Мама бережно завернула хлеб. Крошки на ладонь — и в рот.
— Дома съедим, бабушку угостим.
Он показал ей горох, чуть не по зернышкам пересчитал, кукурузу вытряс из карманов — на поле набрал: «Будем сеять».
Сеяли… То там горстку бросят, то там. От картошки очистки сохранились, их проращивали — и в землю.
Часть огорода вспахали с осени, пара колхозных лошадей прошлась с плужком, подняли, перевернули землю. Боронить пришлось весной самим. Борону достали тяжелую, деревянную. Сделали из веревок шлею, запряглись. Вдвоем: Алеша и мама, бабушка была вовсе слабой. И — «раз-два, взя-и-и-ли…».

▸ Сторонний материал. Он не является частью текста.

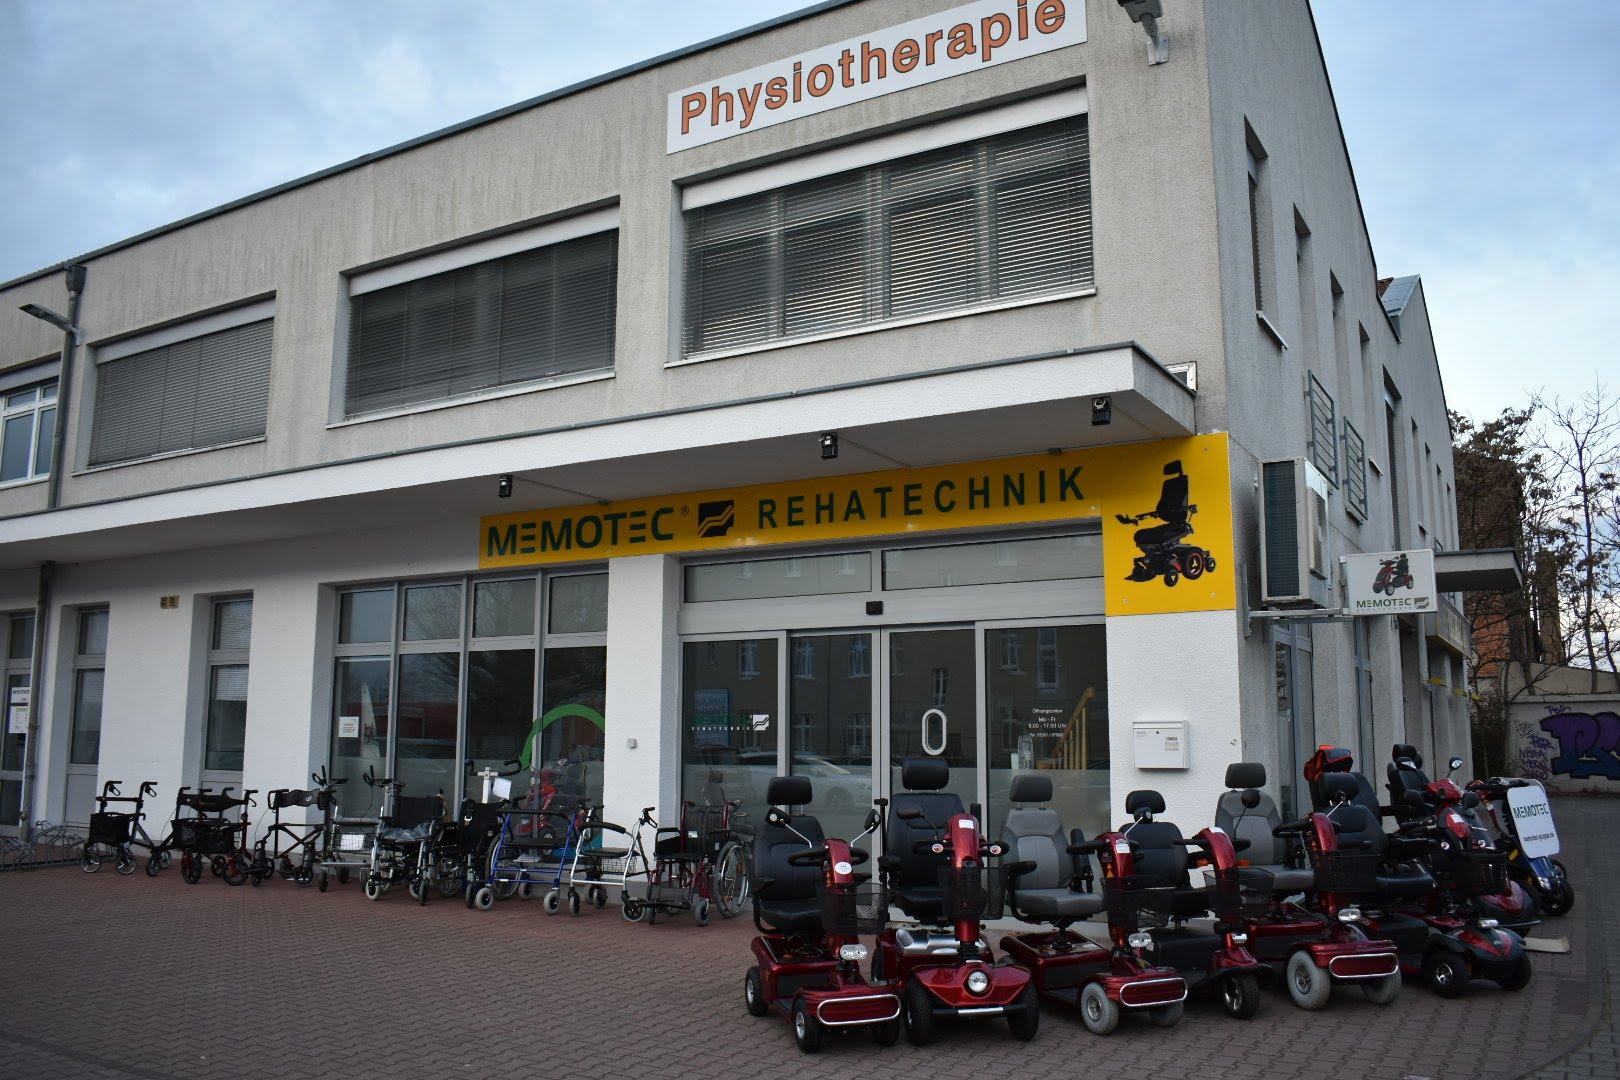 Foto de Memotec Rehatechnik - Sanitätshaus Oranienburg & Hilfsmittelverleih
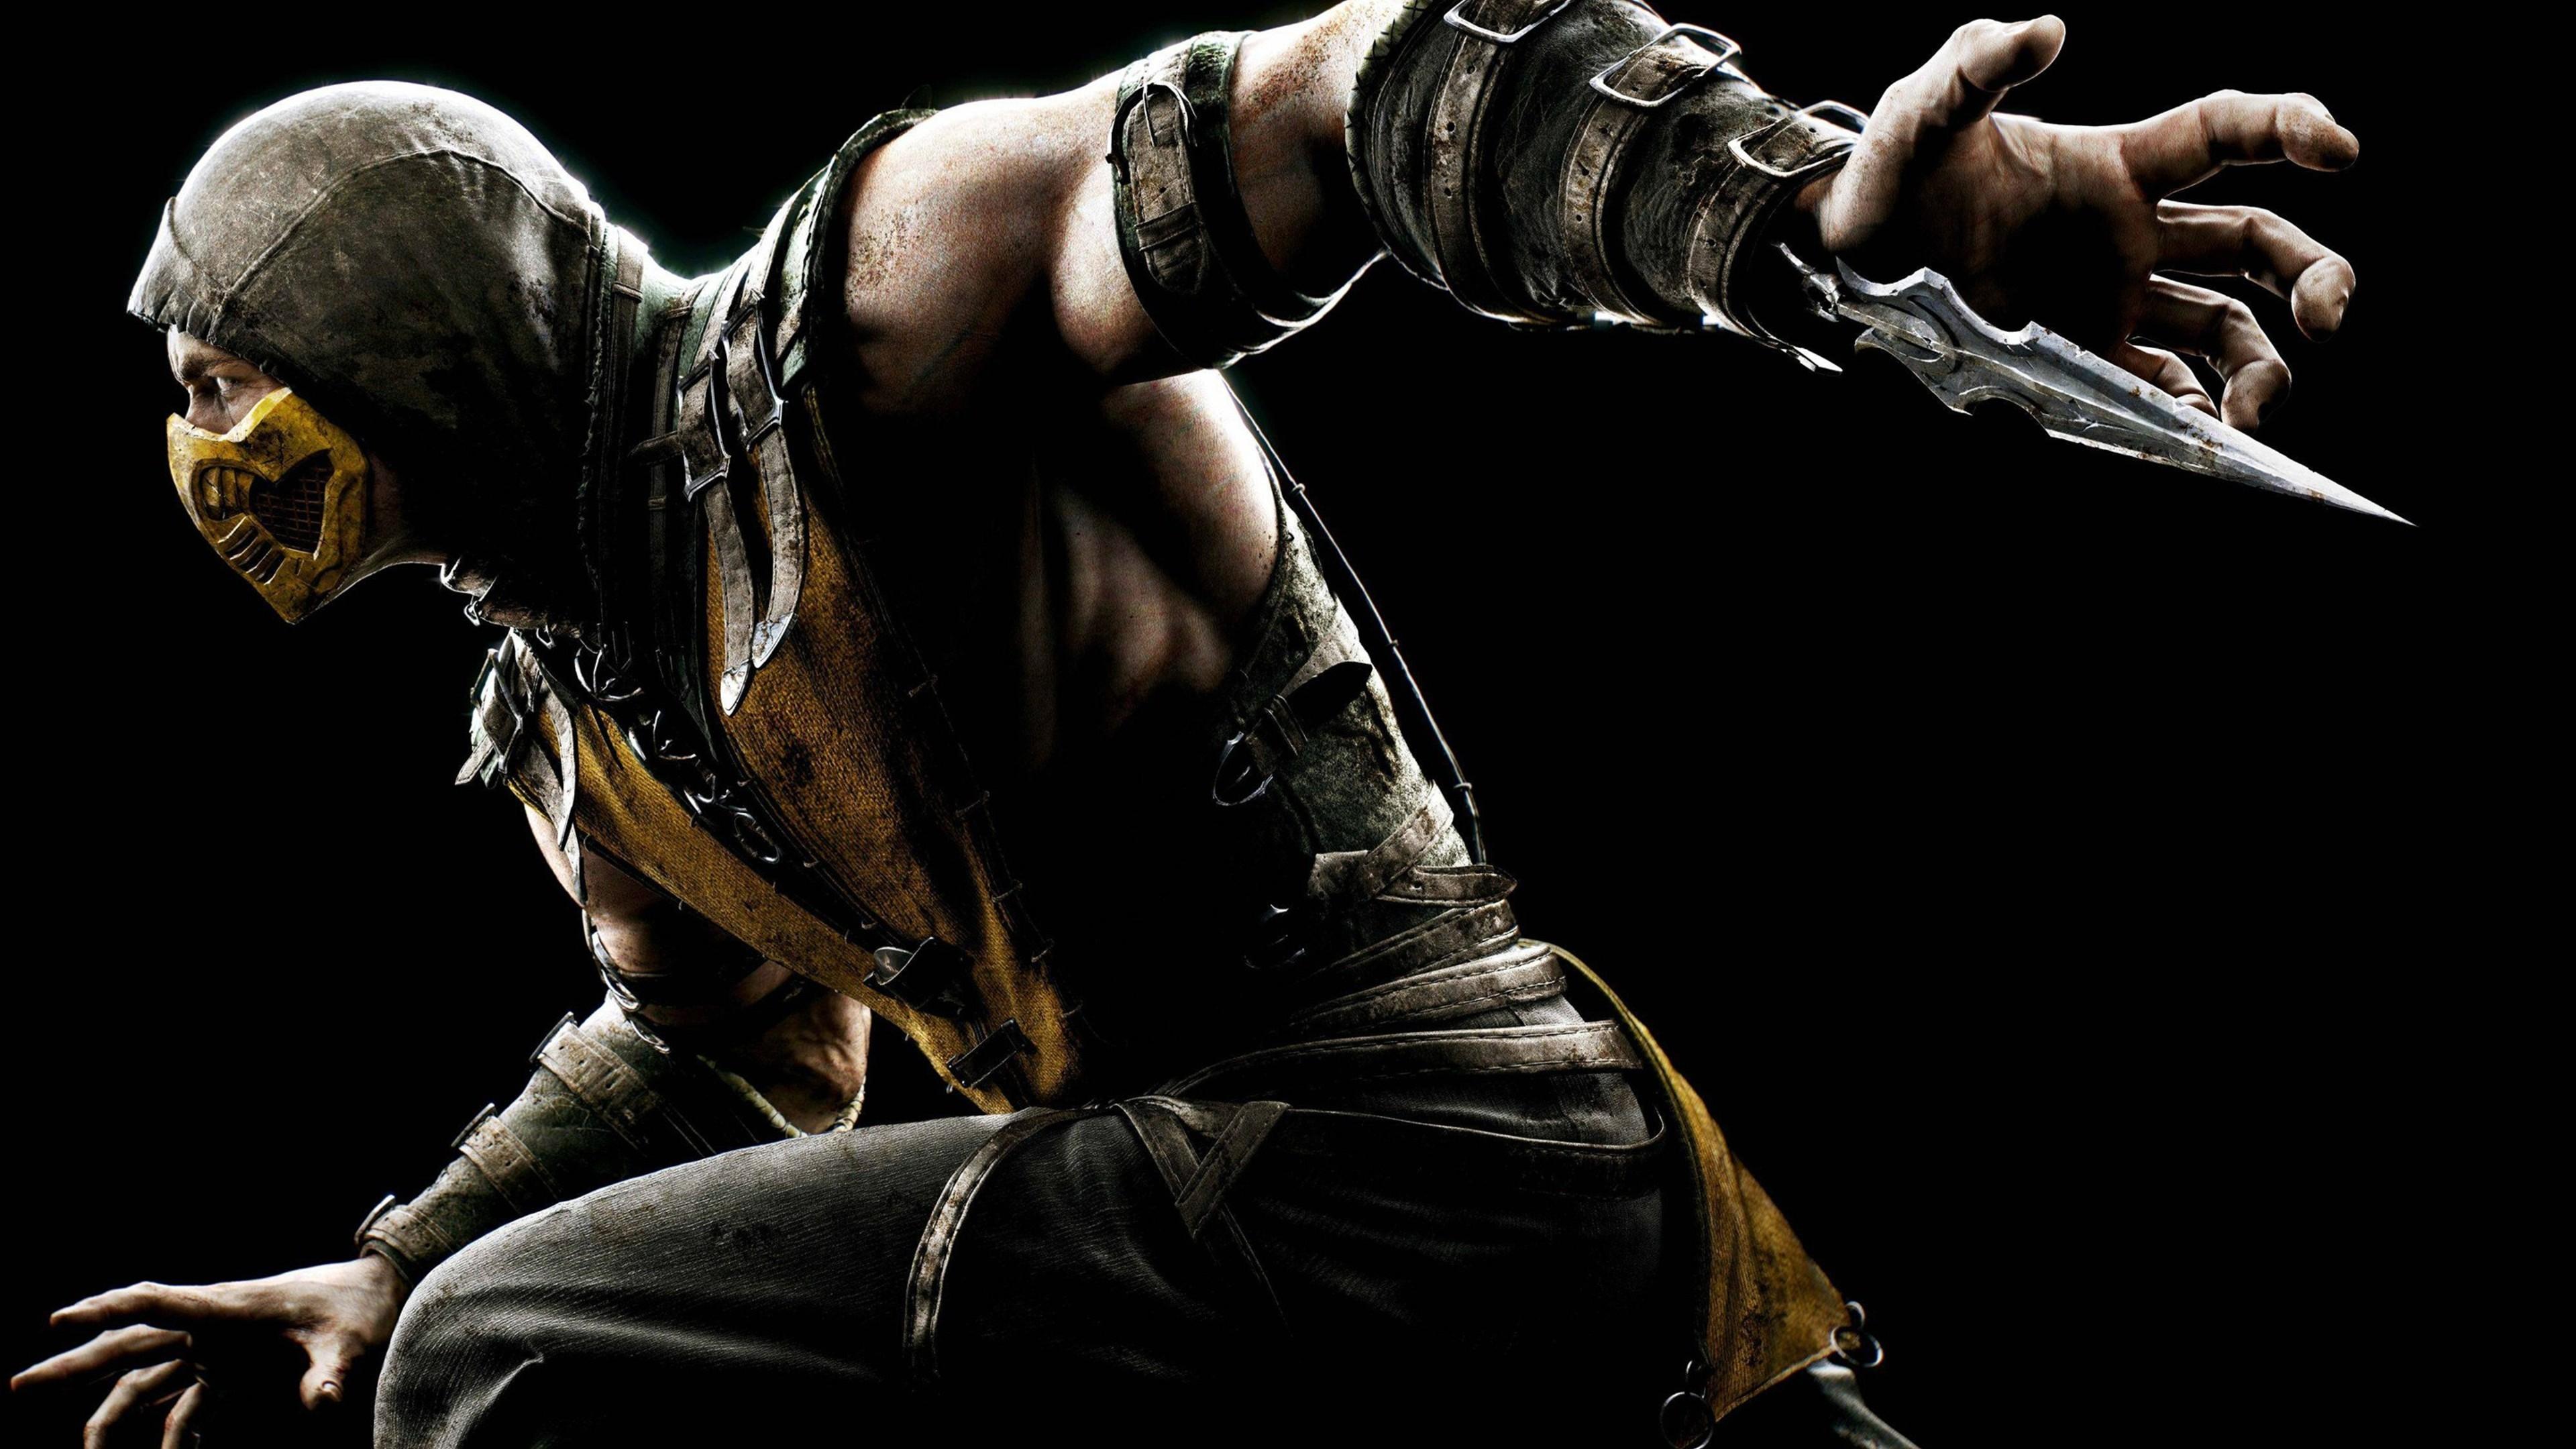 Mortal Kombat X Scorpion 2048×1152 Resolution

Борона ни с места. Даже не дрогнула. Мрачно уцепилась острыми зубьями в землю, сидит. Закаменела. Приросла она к земле, что ли?..
Надо было одновременно рвануть. Никак не выходило. То мама раньше вырвется, то Алеша припоздает. И не раз и не два дергали, в поту уже, пока наконец сдвинули, сорвали, пошли.
Едва волокли за собой борону. Останавливаться нельзя. Остановишься, борону снова пока срушишь…
— Не останавливайся, сынок, не останавливайся, родной, — задыхалась под веревочной шлеей мама.
Взмокрел Алеша сразу, как молодой, не ходивший в упряжке конь. И только теперь, когда грудь его, словно петлей, перехватывала веревка-шлея, понял Алеша безотказный труд лошади.
Хватал с сапом воздух, дрожащую ногу, как усталый конь, в упор, под углом тянул.
А что сделаешь. Сеять надо было. Жить надо было. Вот и тянули.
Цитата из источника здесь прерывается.